TERM. The non-use and non-disclosure obligations of this Agreement shall expire five (5) years from the Effective Date.
Unless terminated under Article 9, all Confidential Information disclosures hereunder shall be completed no later than one
(1) year following the Effective Date.
9.
TERMINATION. This Agreement may be terminated by either party by giving thirty (30) days prior written notice.
Upon termination or expiration, all Confidential Information furnished hereunder shall remain the property of the disclosing
party and shall be returned or destroyed promptly upon request together with all copies of Confidential Information made
thereof by the receiving party, except that one copy may be retained by the recipient in a separate and secure file for record
purposes only. Upon request, the receiving party shall furnish the disclosing party written notice certifying destruction.

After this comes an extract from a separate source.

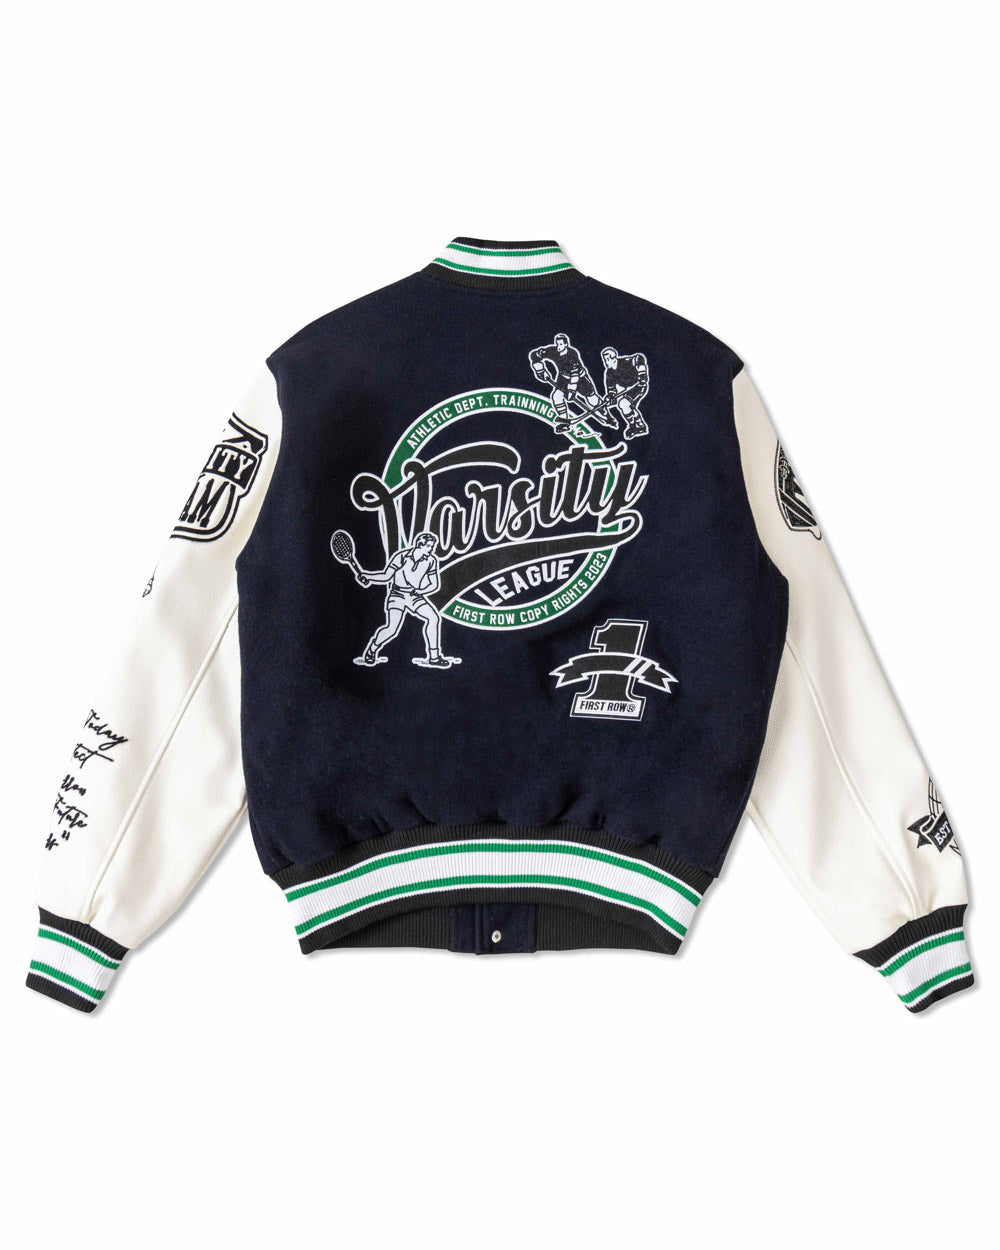 FIRST ROW - ALL FIELD THE BEST NEVER REST VARSITY JACKET

Termination of this Agreement or the return of Confidential Information shall not, however, affect the rights and
obligations hereunder with respect to Confidential Information, which will continue for a period of five (5) years from the
Effective Date.
10.
GENERAL. Confidential Information may include, by way of example but without limitation, data, know-how, formulae,
processes, designs, sketches, photographs, plans, drawings, specifications, samples, reports, studies, findings, inventions.
To the extent practical, Confidential Information shall be disclosed in documentary or tangible form marked "Proprietary"
or "Confidential." In the event Confidential Information is orally or visually disclosed, recipient shall not be bound by the
obligations set forth herein unless same is reduced to writing, marked as "Confidential" or "Proprietary" and forwarded to
recipient within thirty (30) days of such oral or visual disclosure, referencing the place and date of disclosure and the names
of employees of recipient to whom such disclosure was made, and including therein a description of the information
disclosed. Any other notice or communication pursuant to this Agreement shall be in writing and sent by
certified/registered mail or overnight courier. Each representative designated by the parties for receiving and disclosing
Confidential Information shall make all arrangements for their party and be informed of all communications relating to this
Agreement. The amount of Confidential Information to be disclosed is completely within the discretion of the discloser.
The recipient of Confidential Information shall exercise reasonable care to prevent its disclosure to any third party, and
shall limit internal dissemination of Confidential Information within its own organization to individuals whose duties justify
the need to know such Confidential Information, and then only provided that there is a clear understanding by such
individuals of their obligation to maintain the confidentiality status of such Confidential Information and to restrict its use
solely to the Purpose specified herein. Neither party shall be liable to the other party for any cost, expense or risk of
liability arising out of efforts of the other party in connection with performance of this Agreement. No other right or
license to use Confidential Information is granted hereby.
11.
EXCEPTIONS. The recipient of Confidential Information shall be under no obligation with respect to any information:
(a) which is, at the time of disclosure, available to the general public; or (b) which becomes at a later date available to the
general public through no fault of the recipient and then only after said later date; or (c) which recipient can demonstrate by
written record was in its possession before receipt; or (d) which is disclosed to recipient without restriction on disclosure by
a third party who has the lawful right to disclose such information.
12.
EXPORT CONTROLS. Both parties are subject to applicable U.S. export laws and regulations. Participant shall identify
any export controlled information or materials as such prior to providing such information or materials to Penn State. Penn
State shall have the right to limit or decline receipt of said export controlled information or materials.
13.
GOVERNING LAW. This Agreement shall be governed by and interpreted in accordance with the laws of the
Commonwealth of Pennsylvania, USA.
14.
AMENDMENT. This Agreement may not be modified or assigned, except by further written agreement executed by an
authorized official of each party hereto.
15.
ADDITIONAL TERMS: NONE
16. By the signatures below of officials authorized to commit the parties to this Agreement, both Penn State and Participant
agree to all the above terms and conditions, as of the Effective Date written above.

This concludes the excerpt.